Can you please keep me informed about this? I am currently trying to use that example code to turn a non-searchable PDF into an OCR'd searchable PDF, also. The example code is not producing a searchable PDF. The example code only produces a PDF/A but does not have any embedded text. I know that it is at least performing the OCR operations with the dictionary files because each page takes a couple of seconds to process. There is no need for an example PDF because this does not work for any PDF that I test it with.
I am using C# and the .NET version of GdPicture Pro and Tesseract.
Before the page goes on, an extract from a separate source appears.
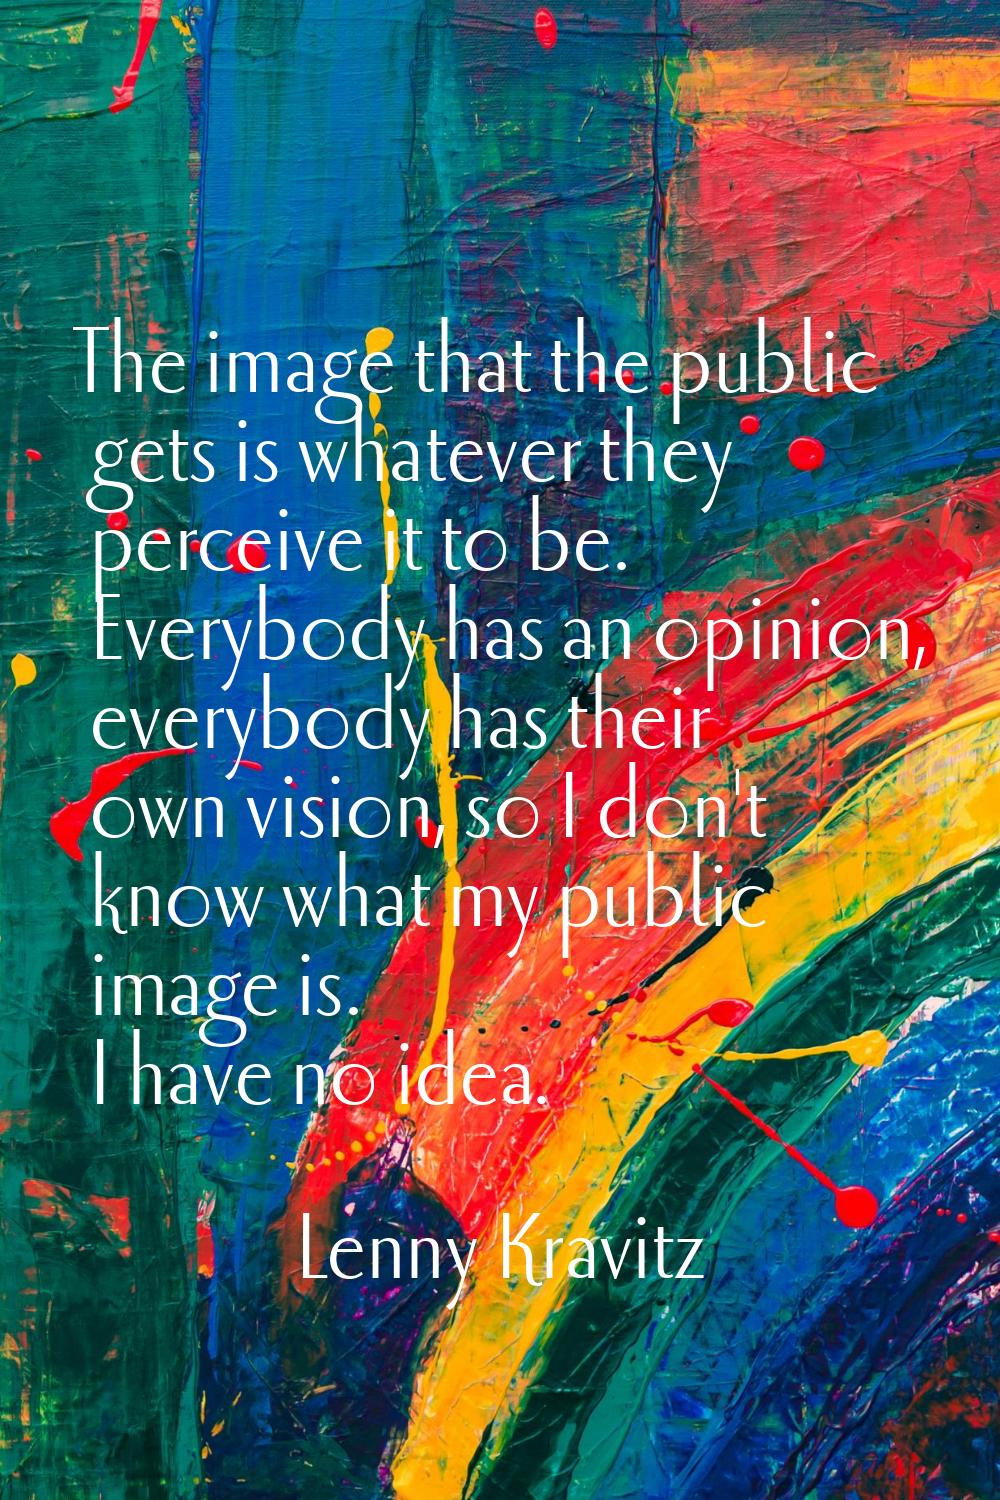 The image that the public gets is whatever they perceive it to be. Everybody has an opinion, everyb

Here's my code:
http://dpaste.org/uLWu/- Code: Select all
String dictionaries = Path.GetDirectoryName(Assembly.GetExecutingAssembly().Location) + @"\dictionaries";
// open the new pdf in the viewer
viewer.DisplayFromFile(out_file);
for (int x = 1; x <= viewer.PageCount; x++)
{
Console.WriteLine("Performing image twain on page {0}", x);
viewer.DisplayFrame(x);
Int32 rasterized_page = viewer.GetNativeImage();
if (x == 1)
imaging.TwainPdfOCRStartEx(String.Format("{0}.ocr.pdf", out_file), "", "", "", "", "", PdfEncryption.PdfEncryptionNone, PdfRight.PdfRightCanModify);
imaging.TwainAddGdPictureImageToPdfOCR(rasterized_page, TesseractDictionary.TesseractDictionaryEnglish, dictionaries);
}
// close the twaining
imaging.TwainPdfOCRStop();
viewer.CloseImage();